Why Collect Commemorative Coins?
Buying and collecting commemorative coins can be a source of great enjoyment, but they also do a lot of good for our nation. Since they are priced above their face and intrinsic gold and silver value, the extra money goes toward supporting public work projects, like museum construction, national monument maintenance, Olympic program funding, and much, much more.
Commemorative coin programs help raise money for many important causes. When a new commemorative coin program is created, legislation is enacted by Congress which dictates the coin specifications, mintages, cost considerations, and adds a surcharge amount per coin to help fund important projects. The U.S. Mint distributes this surcharge money to designated recipient organizations, which must use the proceeds for the purposes specified in the legislation.

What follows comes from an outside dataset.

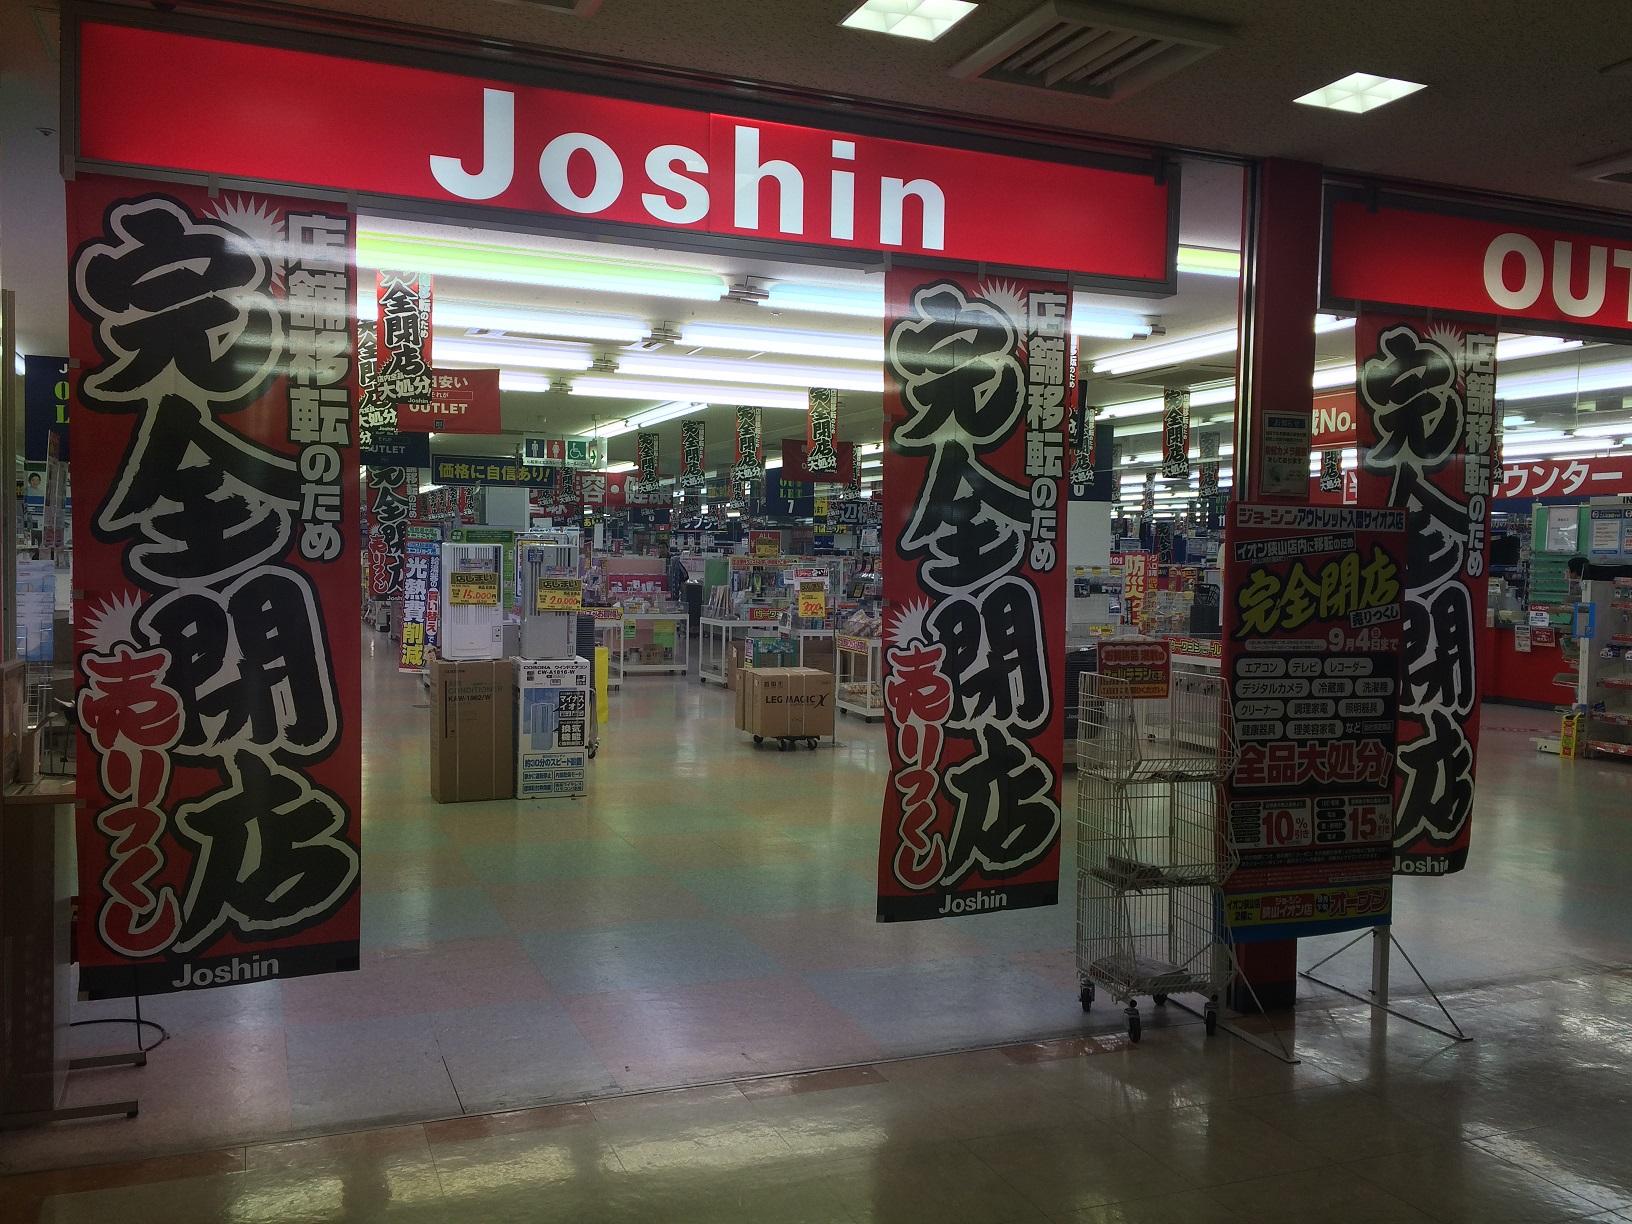 Joshin電機アウトレット店閉店セール

Since the Modern Commemorative Coin Program began over 35 years ago, in 1982, the U.S. Mint has raised more than $500 million in surcharges to help build new museums, maintain national monuments like the Vietnam War Memorial, preserve historical sites like George Washington’s home, support various Olympic programs, and much more.

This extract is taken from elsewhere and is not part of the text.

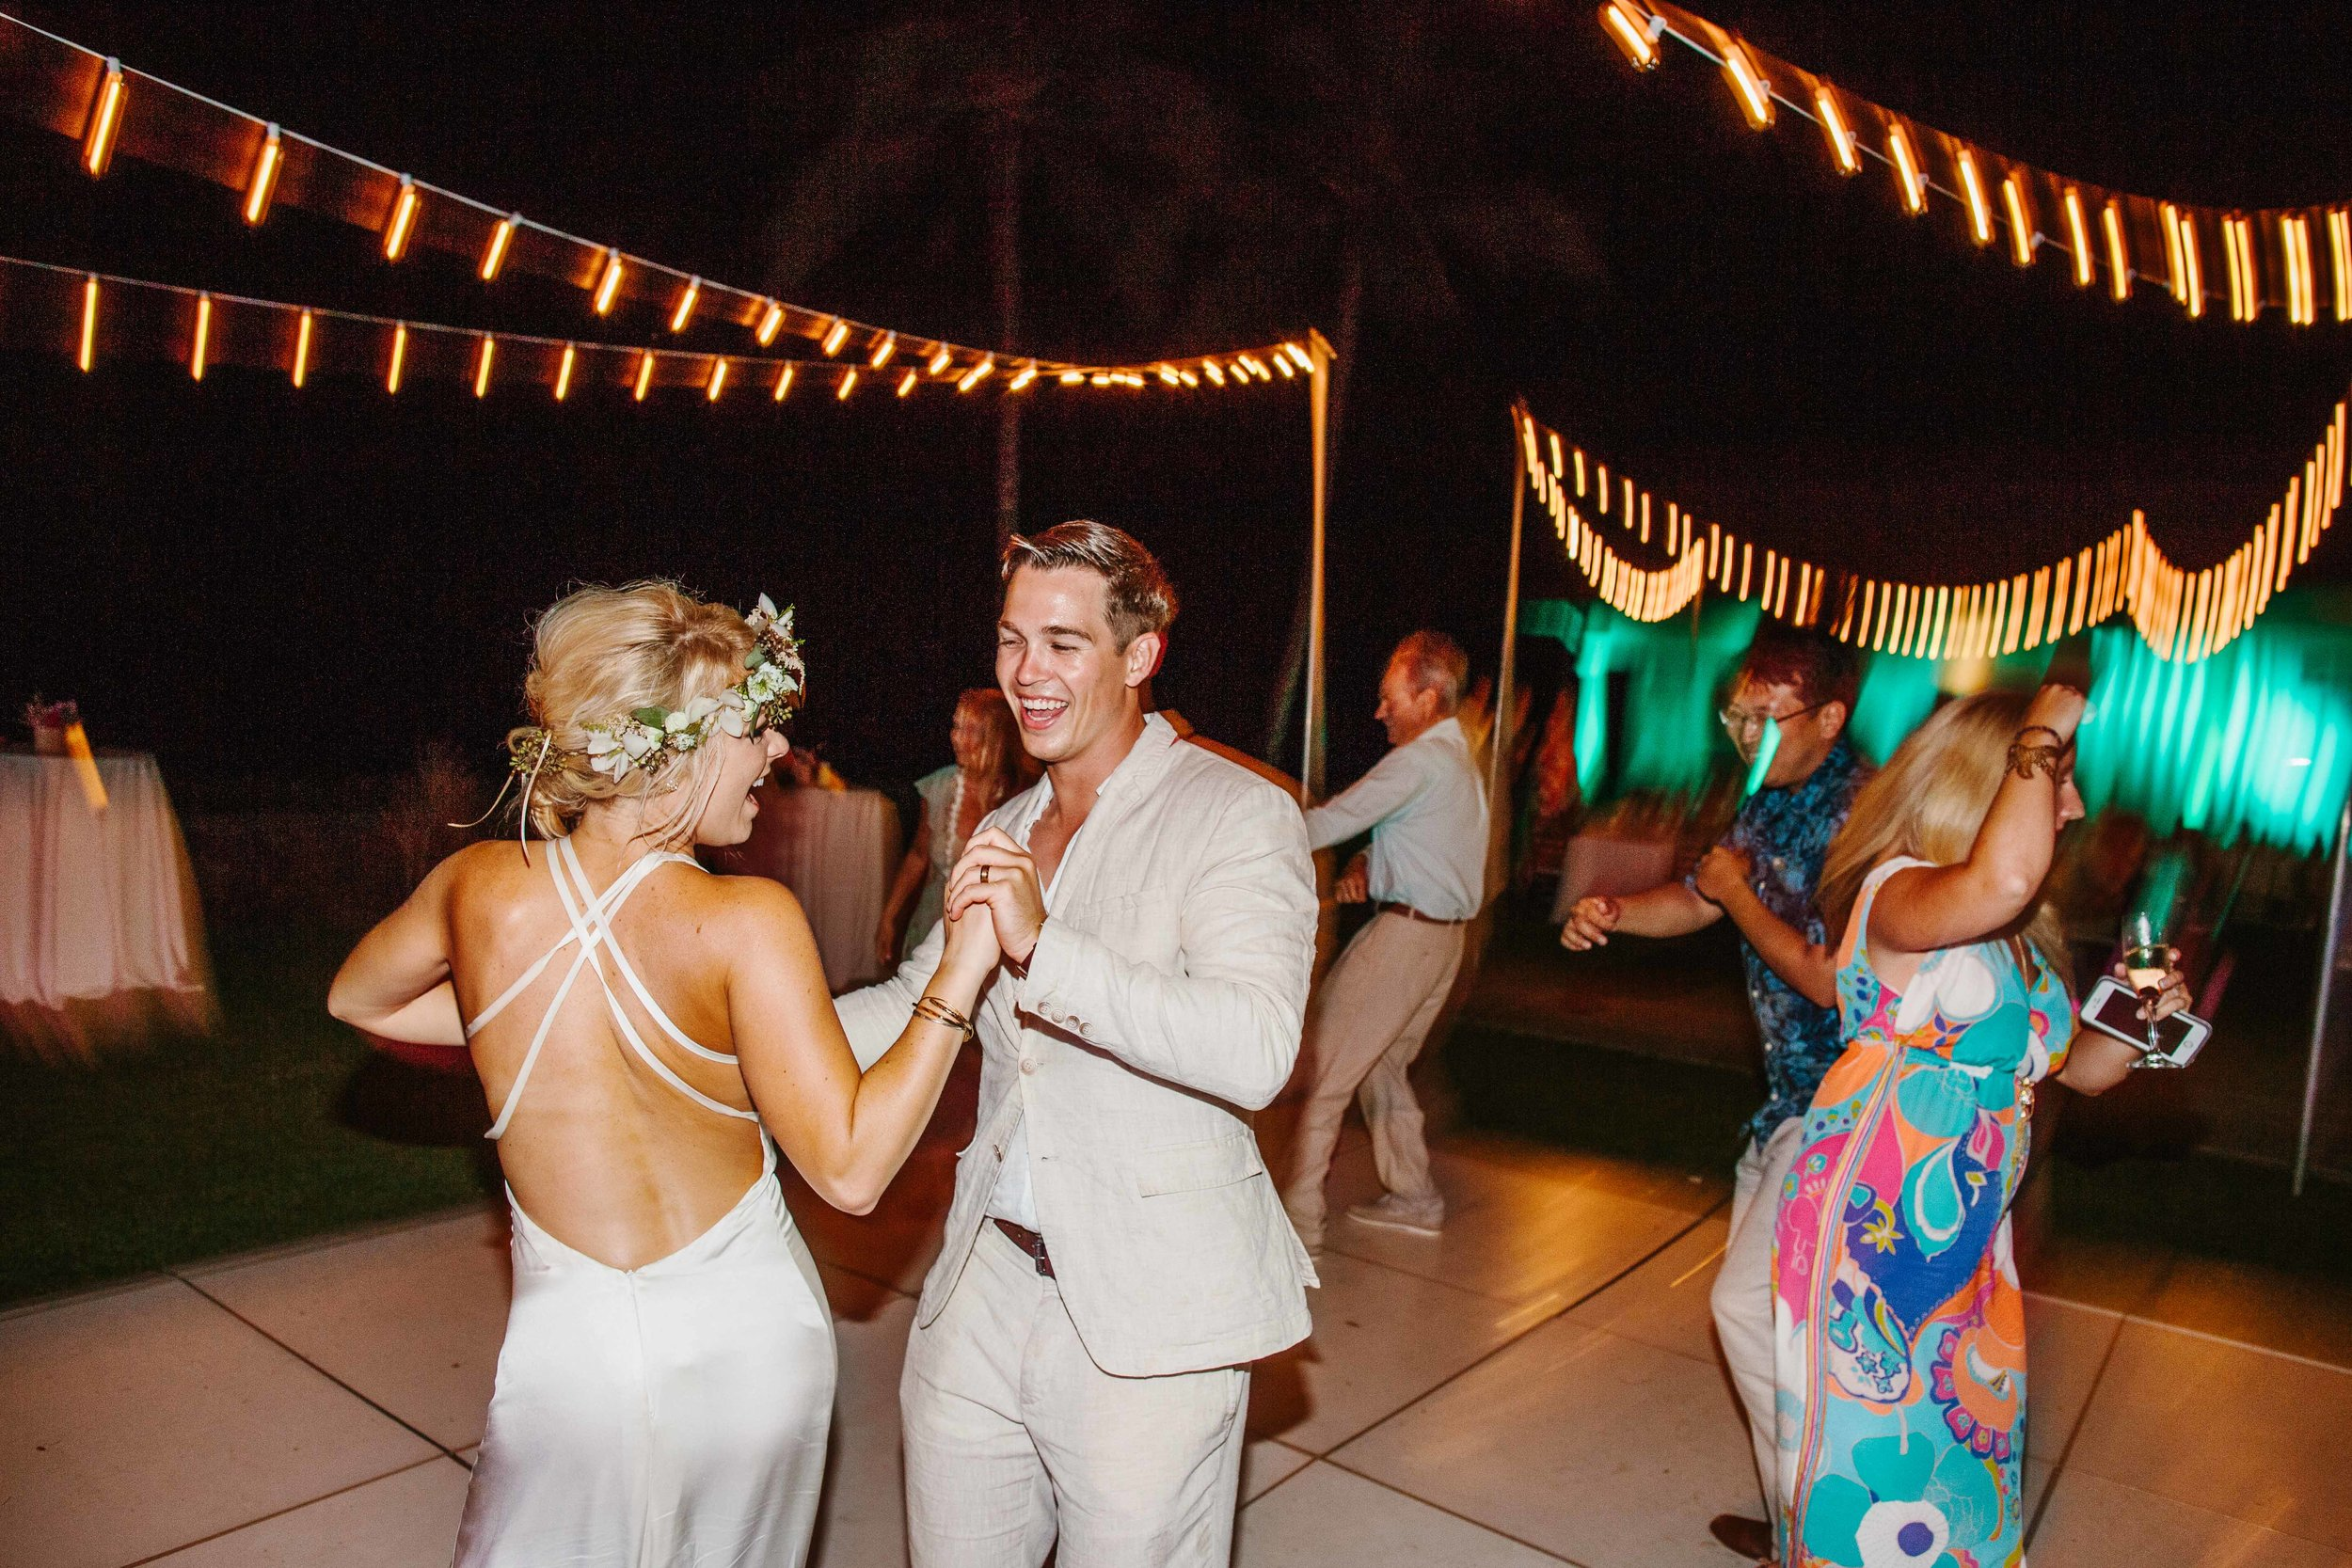 Wedding Couple Celebrates on The Dance Floor

Brief History of U.S. Commemorative Coins
The United States Mint officially launched commemorative coinage in 1892, however, 44 years earlier, a very special “one-of-a-kind” commemorative coin was minted back in 1848, struck from the newly discovered gold in California. In August 1848, a special shipment of 228 ounces, measuring over 14 pounds of gold was shipped to the Philadelphia Mint, to be tested and refined in order to determine purity and to confirm the discovery of gold in the far West. After the testing, the majority of this first California gold was used to make only 1,389, 1848 $2½ Gold Quarter Eagles as a commemoration of America’s significant gold discovery, technically making these “CAL” stamped gold coins the very first commemorative coins issued by the U.S. Mint.

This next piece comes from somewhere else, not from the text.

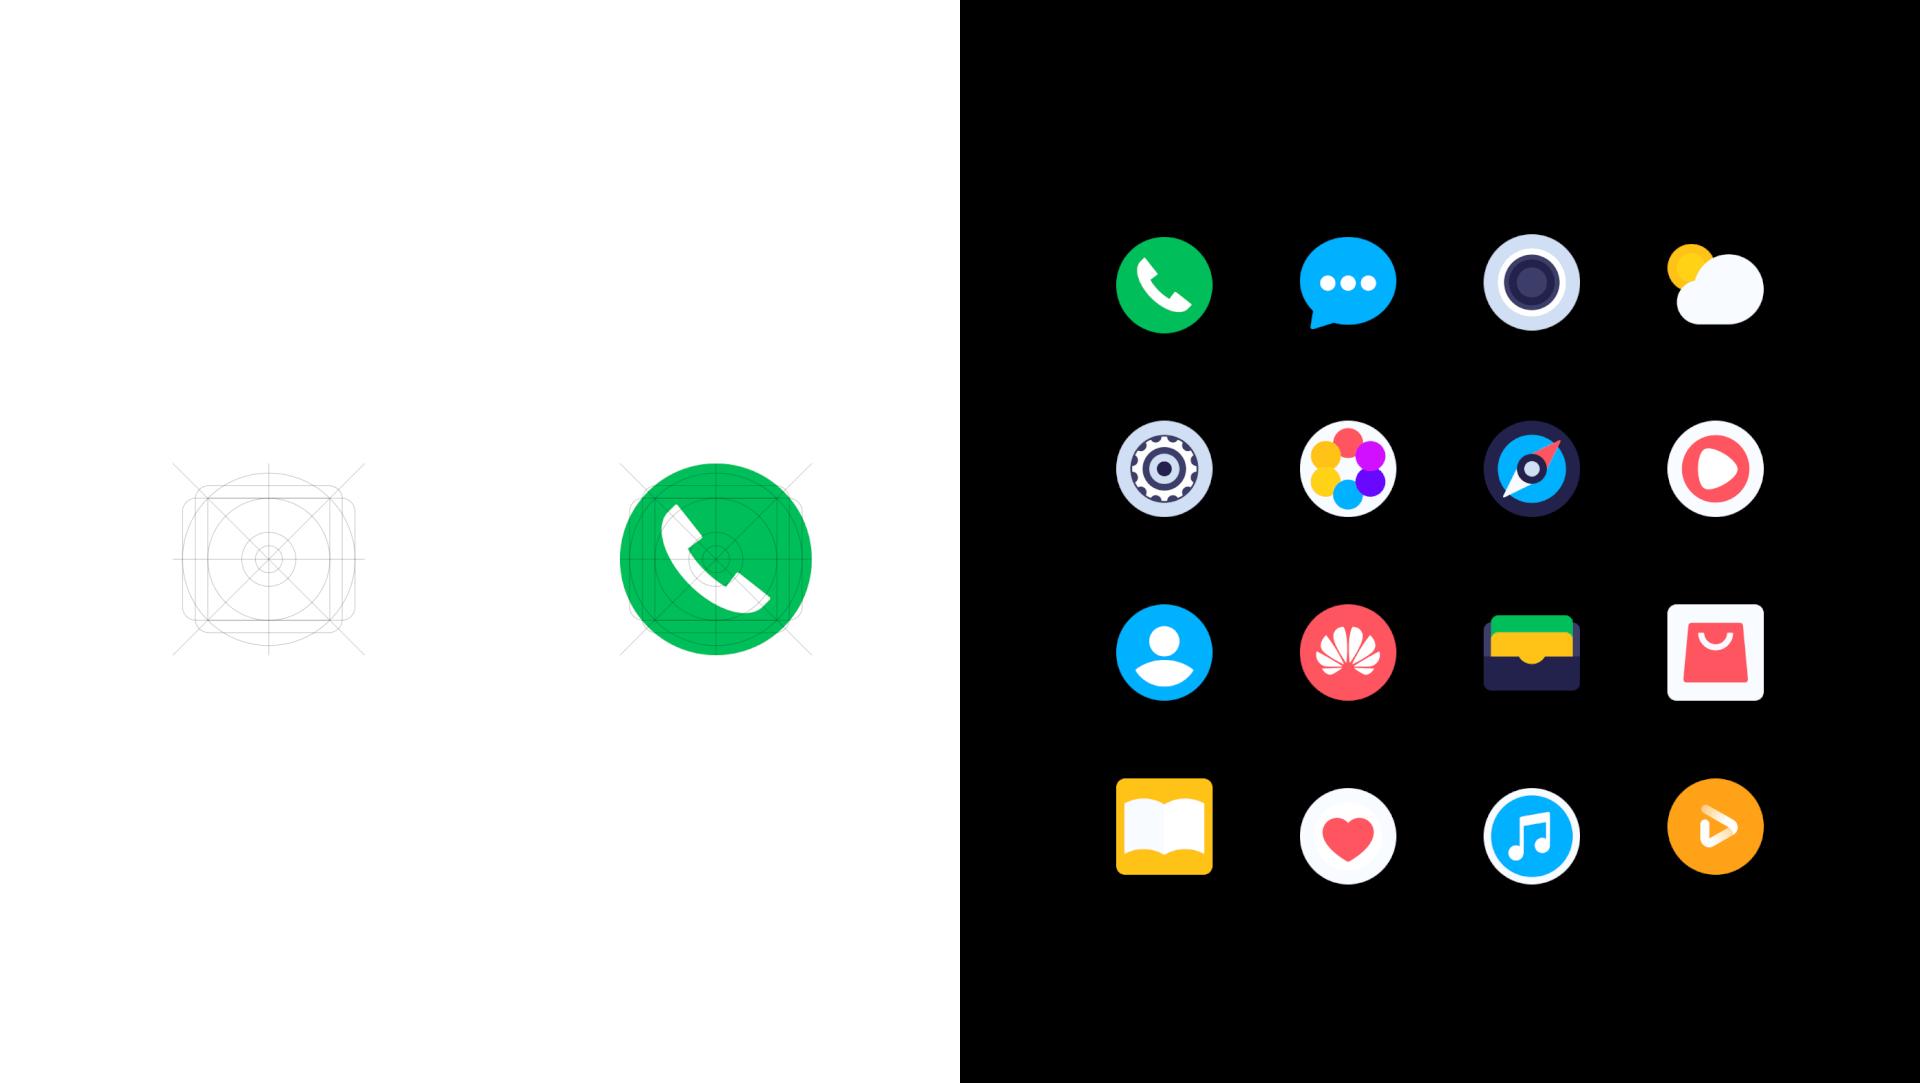 HUAWEI_EMUI_icons_tubik phone icon

The first official commemorative coinage was introduced by the U.S. Mint was at the 1892 World’s Columbian Exposition with the Columbian Half-Dollar, commemorating the 400th anniversary of Columbus' discovery of America. These coins were sold for $1 at the fair, and nearly one million examples were sold in the first year. The following year, the Columbian Exposition quarter dollar, featuring Queen Isabella of Spain, was issued.
Early Commemorative Coins
From the first official commemorative coins issued back in 1892, many different early commemorative coins were struck for various events through 1954, ending with the last production of the George Washington Carver/Booker T. Washington Half Dollar. There was a 28-year gap between 1954 and 1982, classifying those minted from 1892 to 1954 as “Early Commemoratives,” and those minted since 1982 as “Modern Commemoratives.”
The profits from the sale of commemorative coins were often used to fund a specific project. Commemorative coins were a money-raising mechanism that provided an alternative to raising taxes. In the 62 years, from 1892 through 1954, subsequent legislation authorized the U.S. Mint to produce commemorative coins for 53 different events, occasions, or individuals. This resulted in the Mint producing over 180 silver and gold commemorative coins.
Early Commemoratives have become one of the most popular series in recent years. There are 144 varieties of silver issues, of which all but two, are half dollars (one is a quarter, the other is a dollar). Many collectors build type sets, which include 50 issues. Although some silver Classic Commemoratives can be very scarce and valuable, other Classic Commemoratives are quite affordable, even in high grades. It is no wonder that this interesting series has steadily gained popularity over the years.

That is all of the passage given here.